Ik kom tot een afronding. Mijn fractie is uitermate kritisch over dit wetsvoorstel. Wij zien niet hoe dit op enige wijze flexwerkers zal helpen om na hun ziekte sneller te re-integreren en aan het werk te komen. Wij denken dat het voorstel met name belemmeringen oproept om weer aan het werk te gaan en tegelijkertijd een zware inkomensachteruitgang betekent voor de mensen die het betreft.
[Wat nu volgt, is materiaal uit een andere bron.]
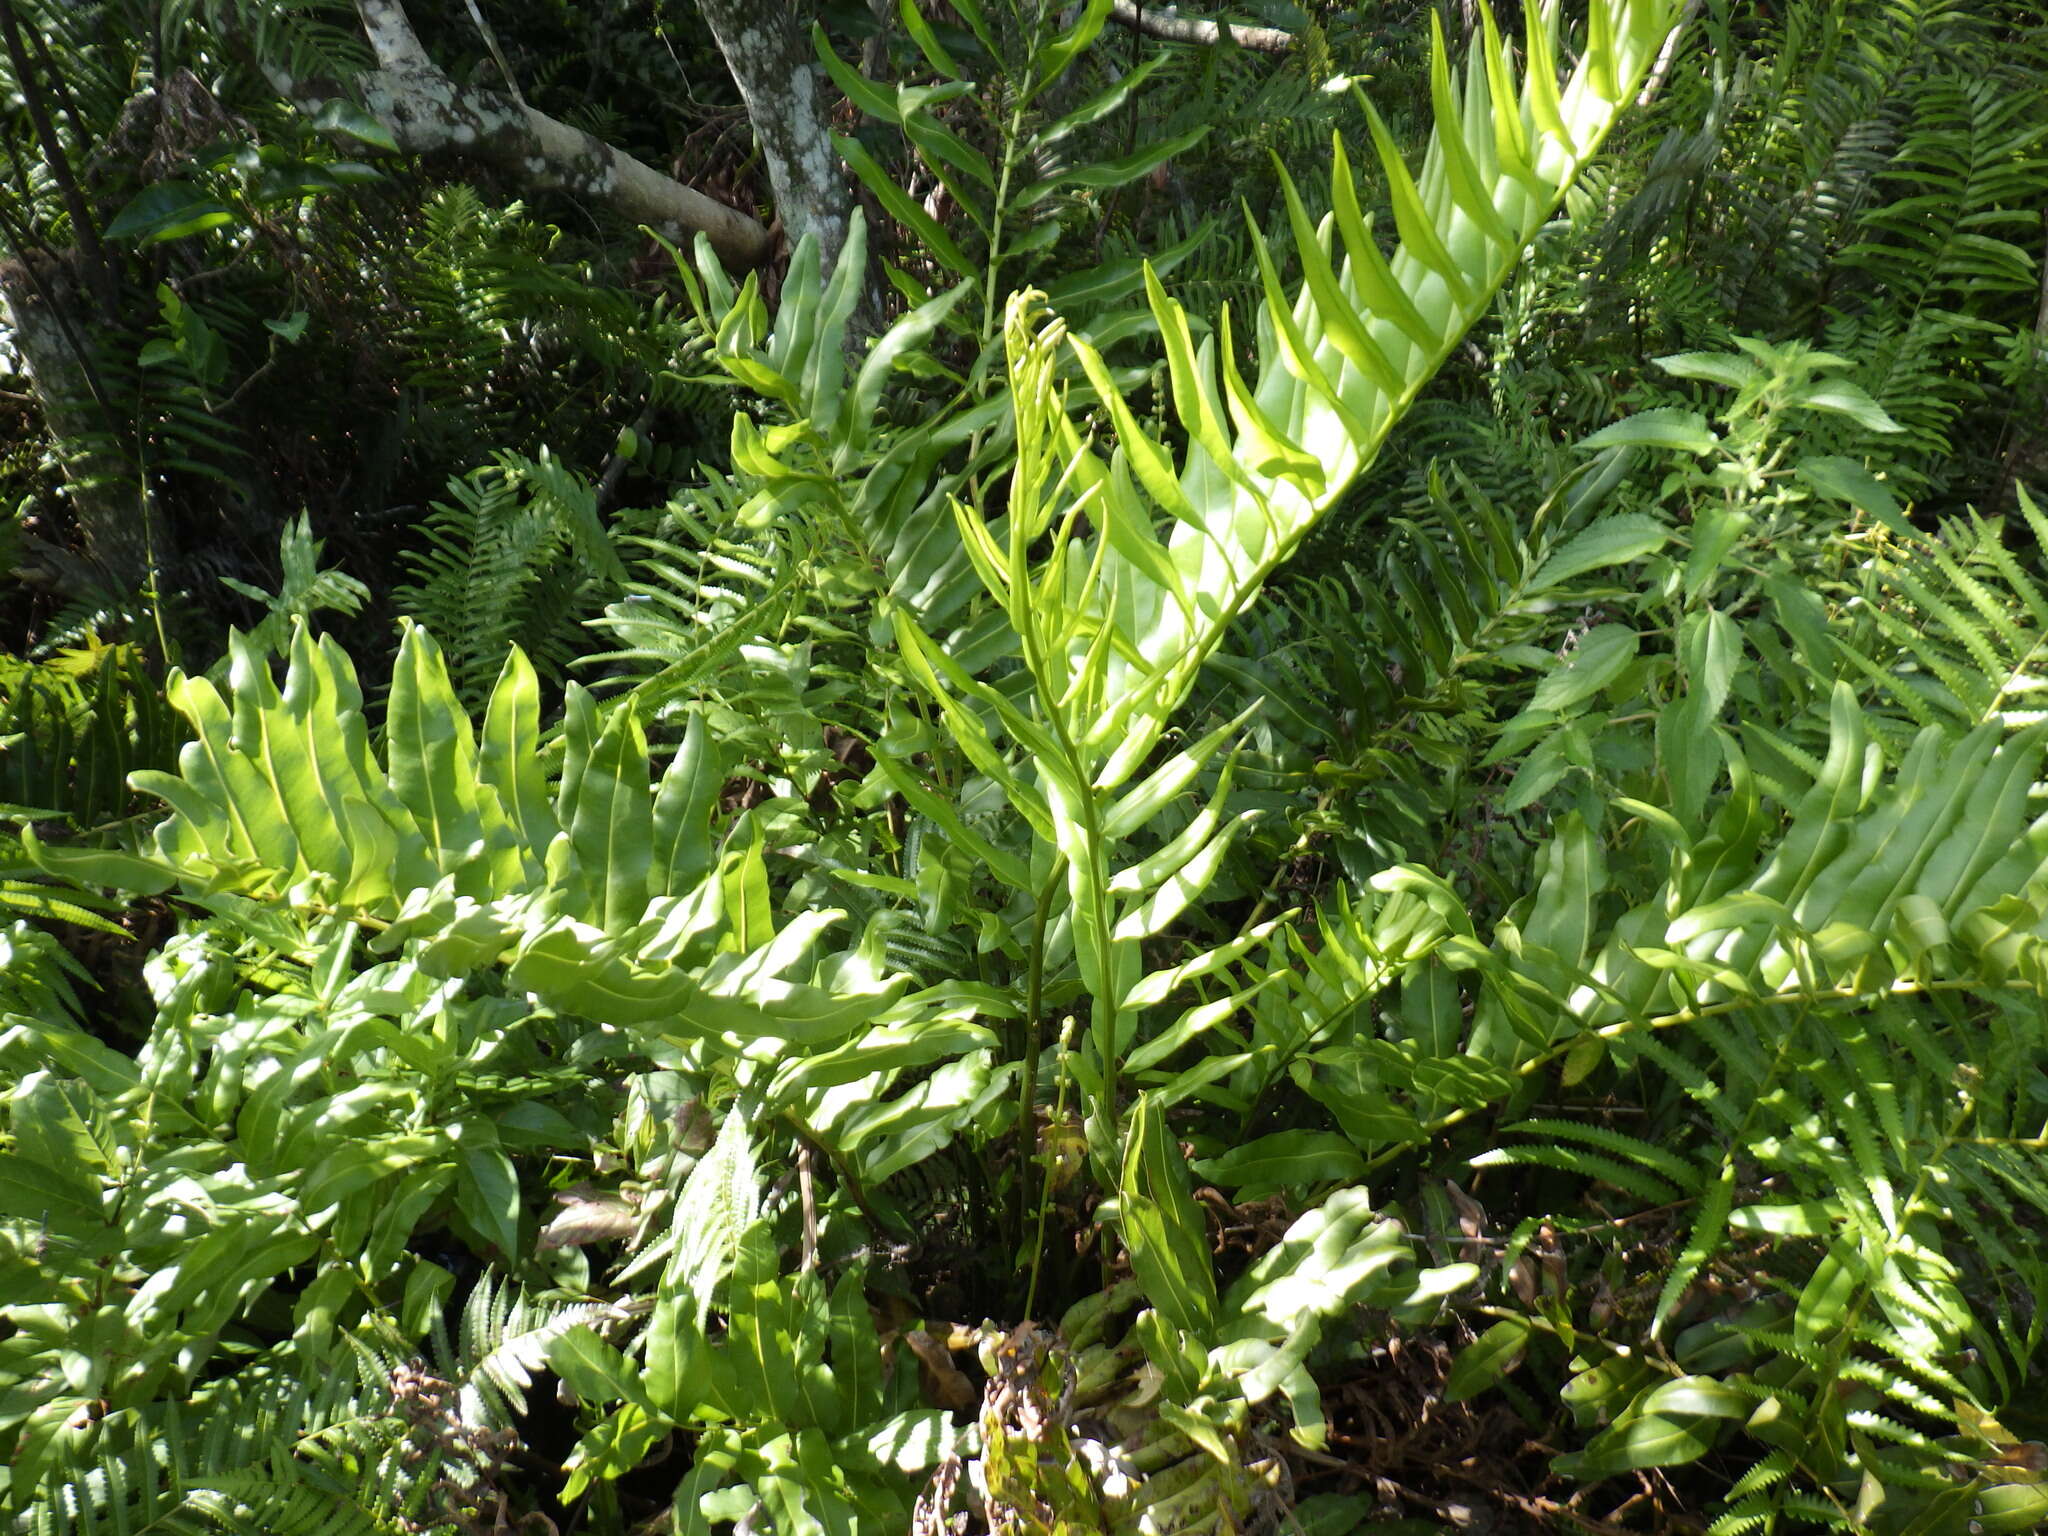 Image of giant leather fern

Wij achten deze disproportioneel. Wij zien dit leiden tot een verscherping van de tweedeling tussen mensen met vast werk en mensen met flexibel werk. Ten slotte vrezen wij ook dat het nieuwe belemmeringen zal opwerpen voor de mobiliteit op de arbeidsmarkt. Als je naar een nieuwe werkgever gaat, krijg je vaak eerst een tijdelijk contract. Waarom zou je dat risico nog nemen als je al weet dat je in geval van ziekte de pineut bent en het zelf mag uitzoeken?
Het is duidelijk: mijn fractie is uitermate kritisch en wacht het antwoord van de staatssecretaris af.